Меня, знаете ли, как громом поразило. Вот оно как бывает! Идея использовать нуль-транспортировку в разведывательных целях настолько естественна, что шпионы или разведчики, как их еще называют, должны спать и видеть, как в их распоряжение попадает подобный прибор!
Гусев же говорил о нуль-транспортировке всегда. Любой подтвердит, что это была его любимая тема для разговора. О чем бы ни заходила речь, он всегда умудрялся ввернуть словечко о своей нуль-транспортировке. Почему? Зачем? С какой целью? Казалось бы, взрослый человек не должен верить в сказки. Значит, преследовал какую-то выгоду. А что, если это попытки завербовать себе помощников?

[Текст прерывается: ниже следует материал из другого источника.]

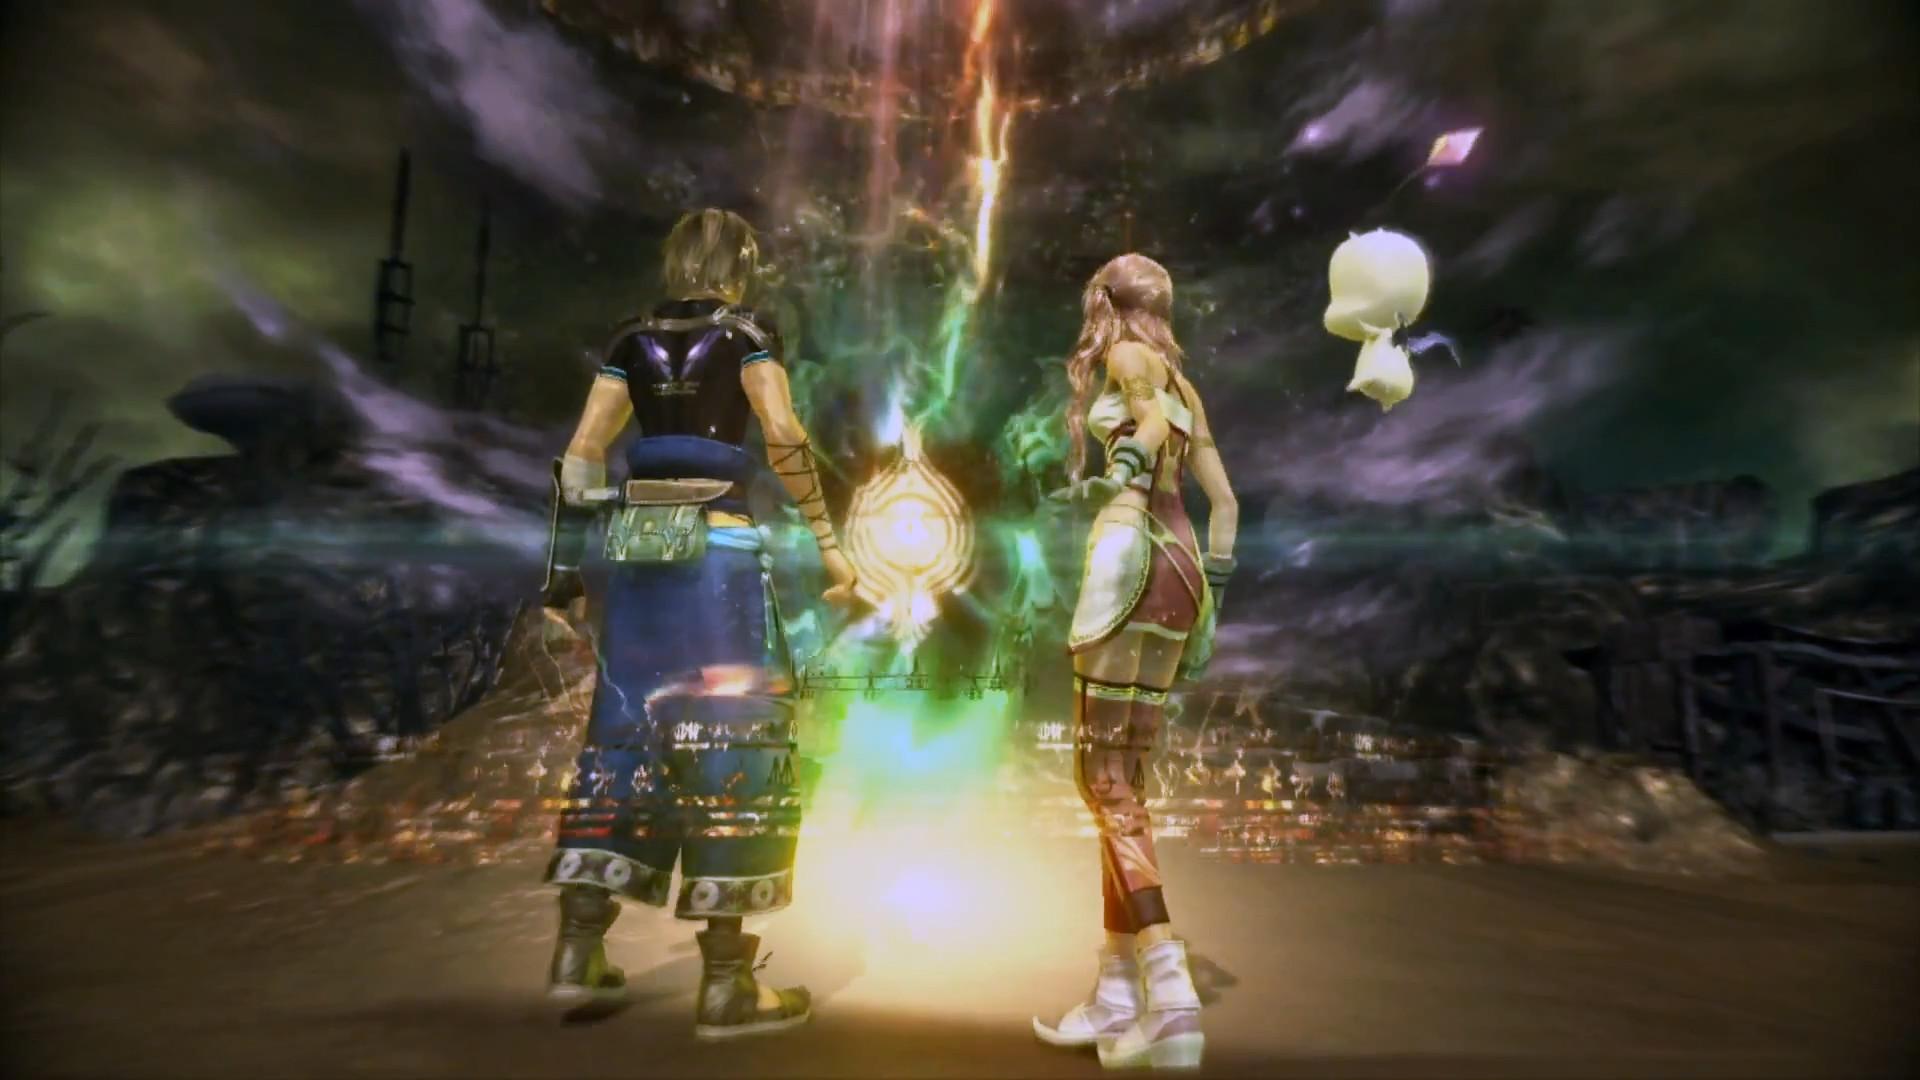 Final Fantasy XIII 2 Wallpaper (88+ images)

Вот, мол, какие у нас, у шпионов, возможности! Прекрасное косвенное подтверждение версии шпионажа!
***
Однажды, во время вахты, Гусев попытался завербовать и меня. Мои подозрения еще более окрепли.
– Давно хочу у вас спросить, Кроликов, если бы у нас на корабле заработала нуль-транспортировка, вы бы обрадовались? – обратился он ко мне.
– А что? – на всякий случай переспросил я, отметив, что, раскрываясь так легкомысленно, Гусев поступает очень неблагоразумно.
– Разве вы не видите, что ваша жизнь наполнилась бы новым содержанием? Вы бы стали совсем другим человеком.
– Неужели я так плох? – пошутил я. – И мне требуется перевоспитание?
– Дело не в этом, – почему-то разозлился Гусев. – У вас бы появились другие цели, другое мироощущение, понимаете?
– А чем не угодили вам мои нынешние цели? Со своей работой я справляюсь! Вы говорите намеками, можно подумать, что вы предлагаете мне участвовать в нелегальном переходе границы!
Я с ужасом понял, что наговорил лишнего. Но ощущение того, что я вижу "библиотекаря" насквозь, несколько ослабило контроль над словами. Впрочем, Гусев не обратил на мой прокол ни малейшего внимания.
– А может вы и правы, – сказал он задумчиво. – Это действительно, как переход через границу обыденности – весь мир станет доступен вам… Здорово.